People have built software stacks to efficiently work with data. A modern data processing stack includes layers that are responsible for ingesting, storing, transforming, and utilizing data. With the data becoming larger, the data processing stack requires better memory efficiency. There has been extensive study from the systems community to optimize each layer of the stack, but communication between them is often overlooked, leading to hidden overheads across layers.
In this thesis, we introduce three aspects of study on memory efficiency of the data processing stack, both on optimizations within a single layer and those across layers. The first part of the thesis introduces a learned index for Log-structured Merge (LSM) Trees. The learned index is 0.5x to 0.75x smaller than the original index and improves the in-memory workload performance by 1.5x on average.

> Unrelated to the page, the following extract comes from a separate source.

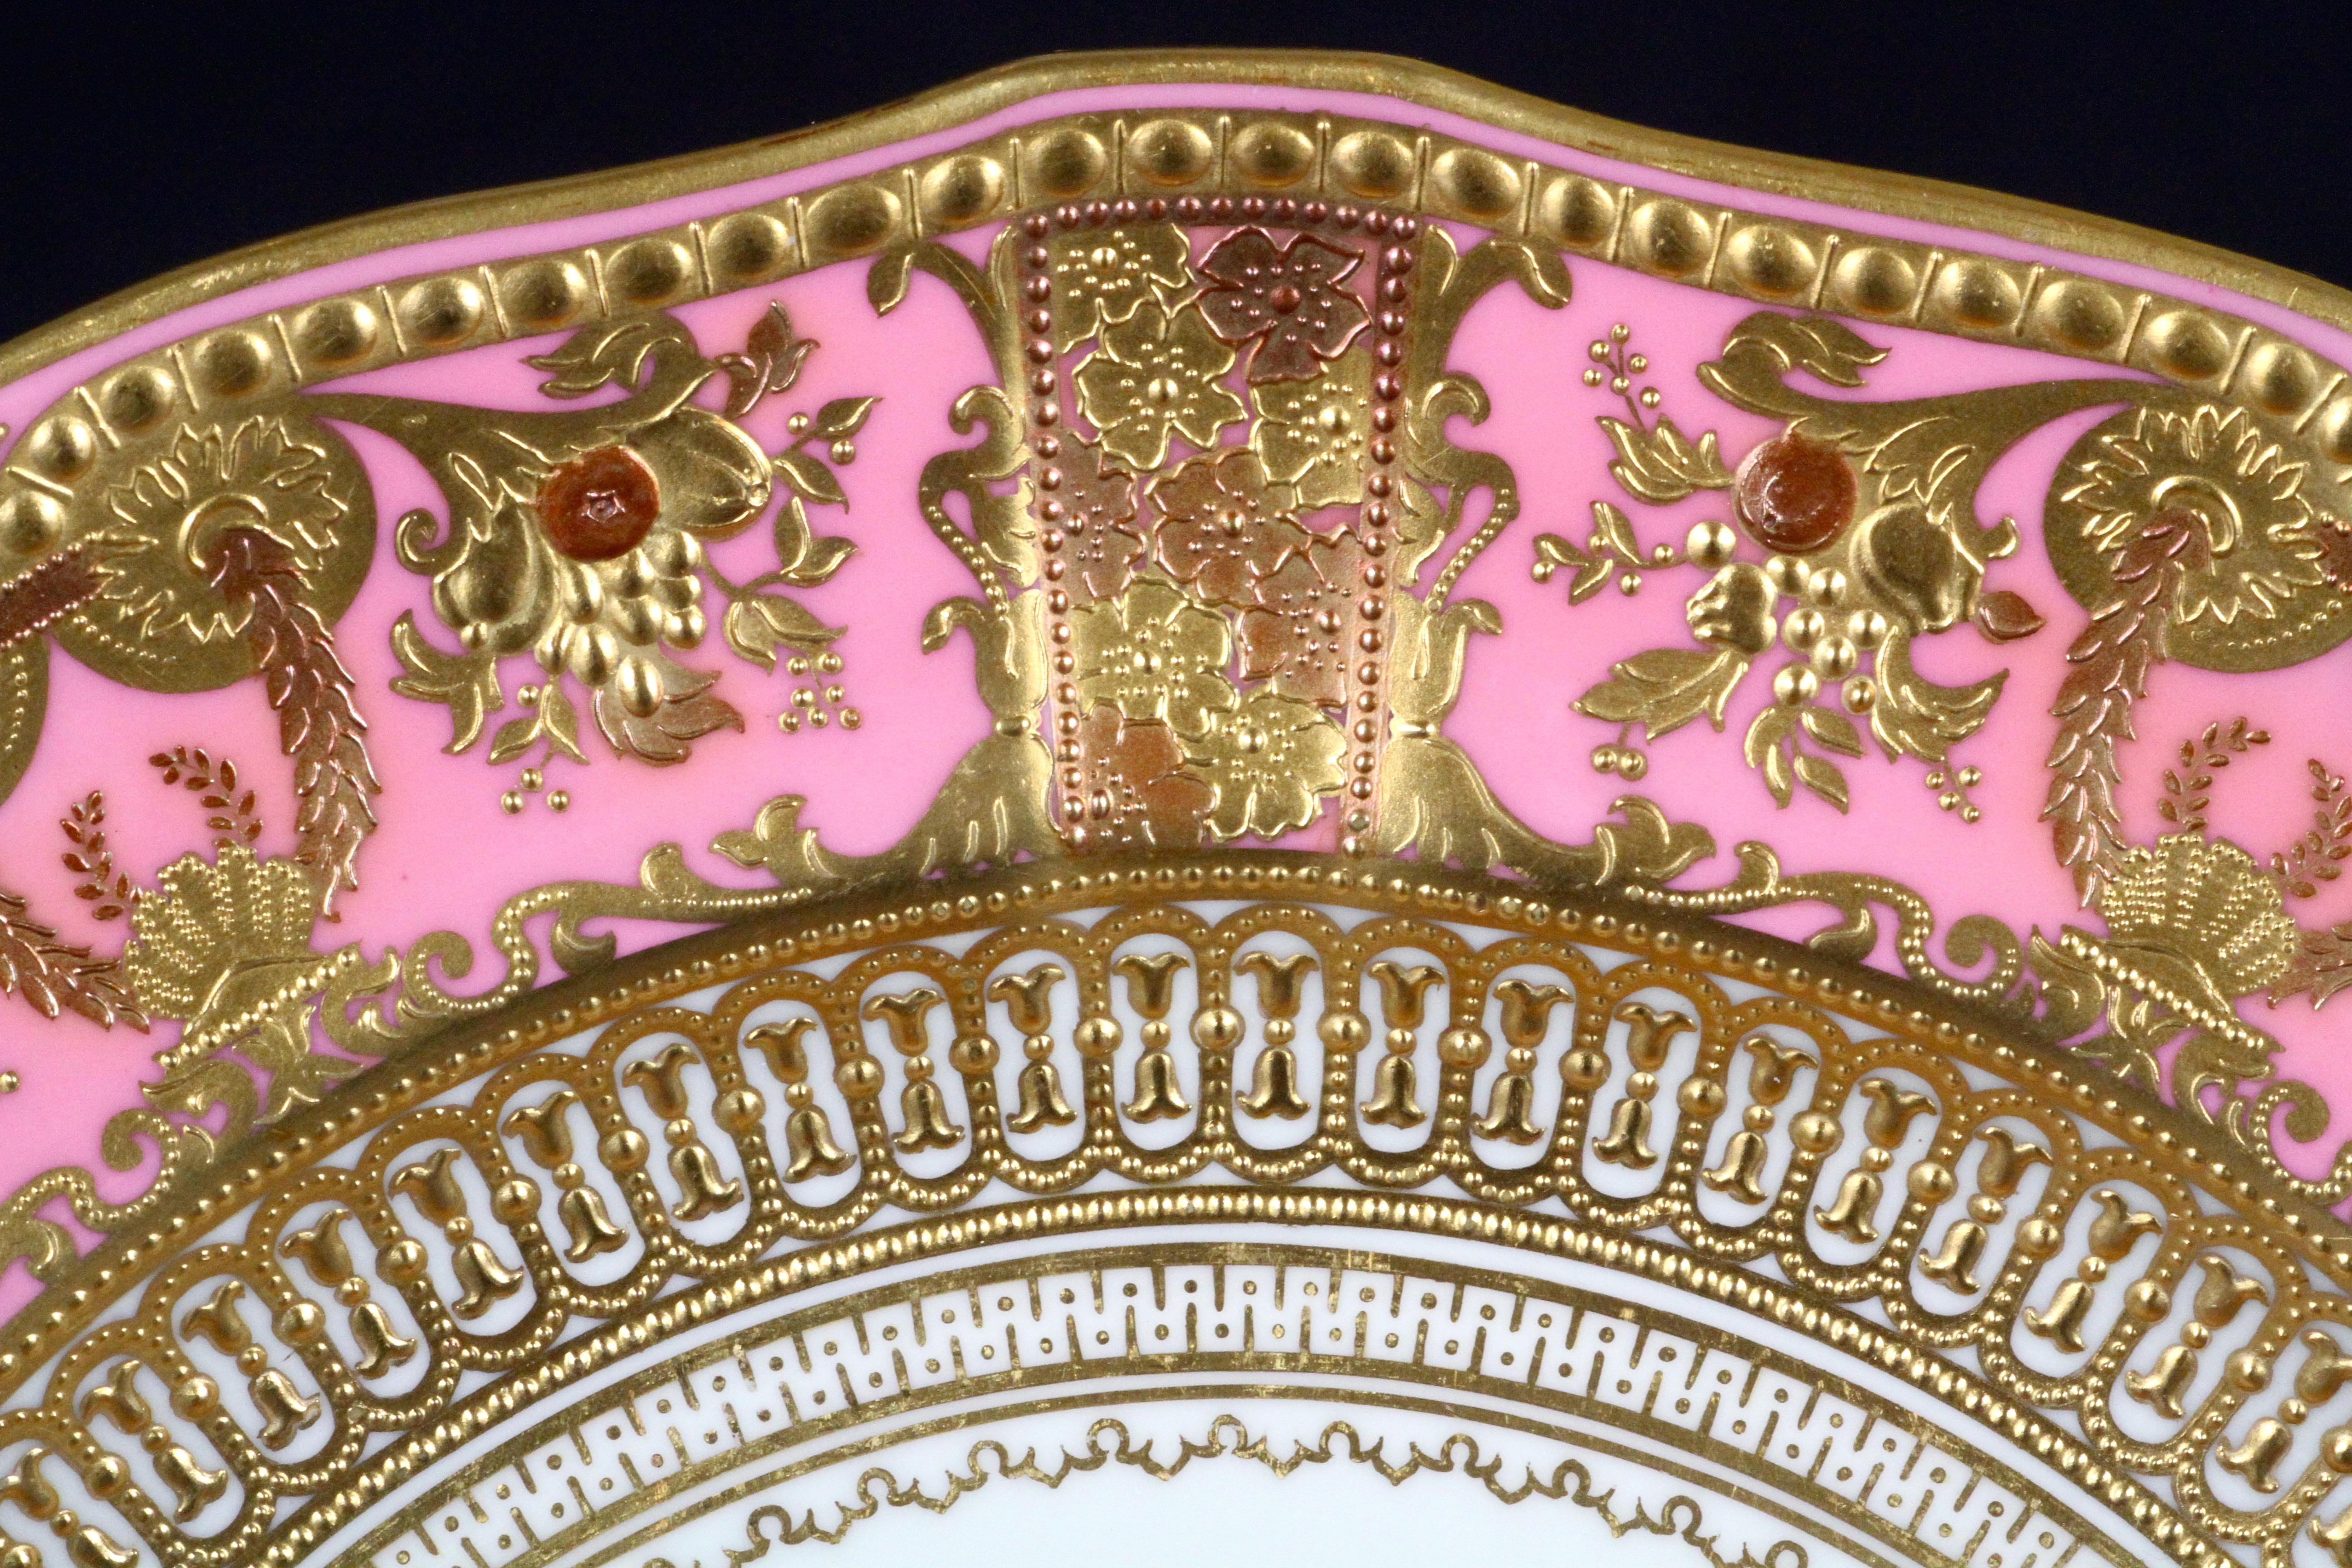 Late 19th Century Service of 19th Century Derby Pink Service Plates with Elaborate 2-Color Gilding

In the second part, we focus on the caching problem between the layer of storage engines and the layer of the underlying kernel. Both storage engines and the underlying kernel use data caching and they share the same memory quota, implicitly forming a two-level cache structure of which storage engines are often unaware. We introduce a framework that automatically optimizes cache allocation of storage engines by online cache simulation and dynamically adapts to different workloads. We incorporate our system into 3 popular key-value storage systems and provide a 1.5x gain on average.

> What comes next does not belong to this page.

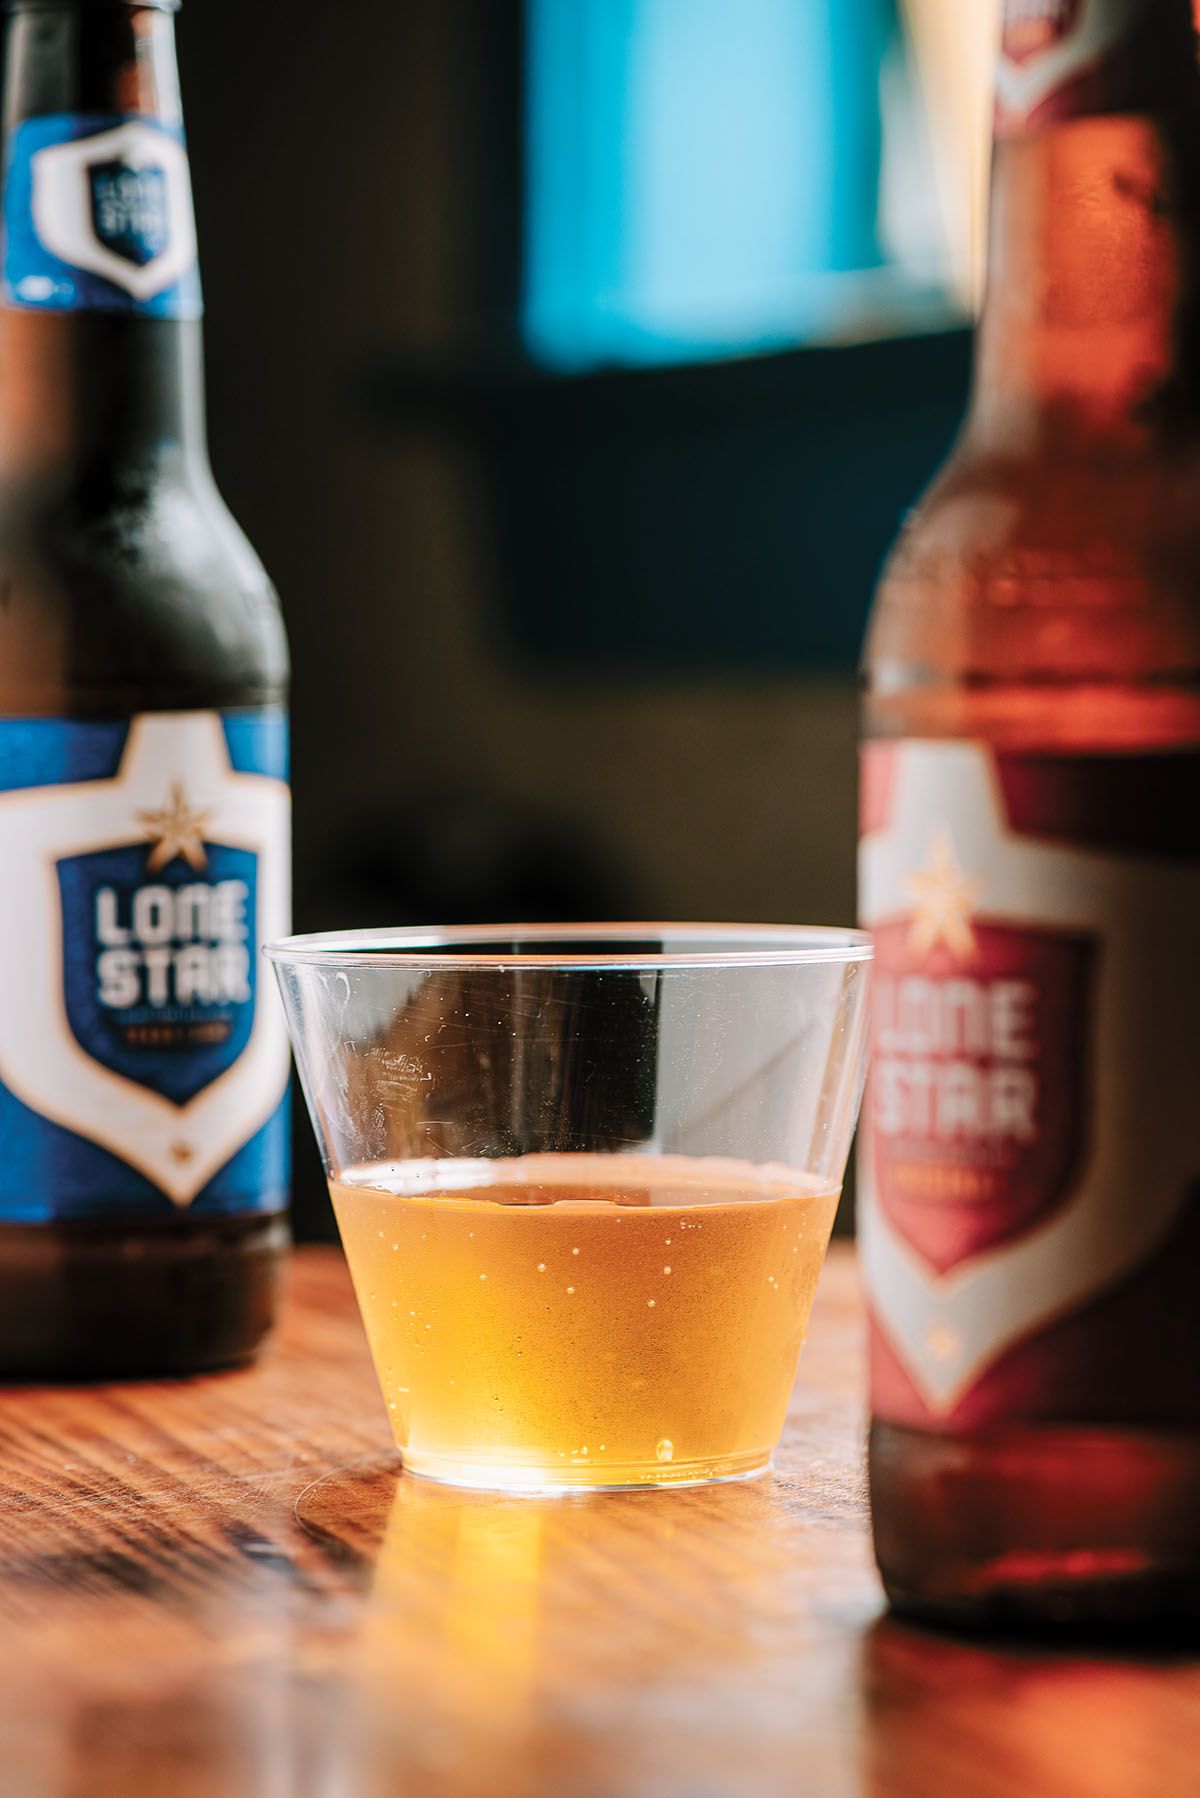 Two bottles of Lone Star beer stand next to a small cup filled with a golden brown liquid

The third part focuses on removing data copying and duplication in data pipelines on a single machine. Data communication between different nodes in a data pipeline currently requires full copying even if they are located on the same machine due to limited kernel support. We build a pipeline execution engine with co-design of new kernel mechanisms and container runtime. Our new system provides a 2x gain for real-world data pipelines.
We design and implement our solutions into real systems and yield benefits on real data processing workloads. We believe that our work will inspire the future development of the data processing stack.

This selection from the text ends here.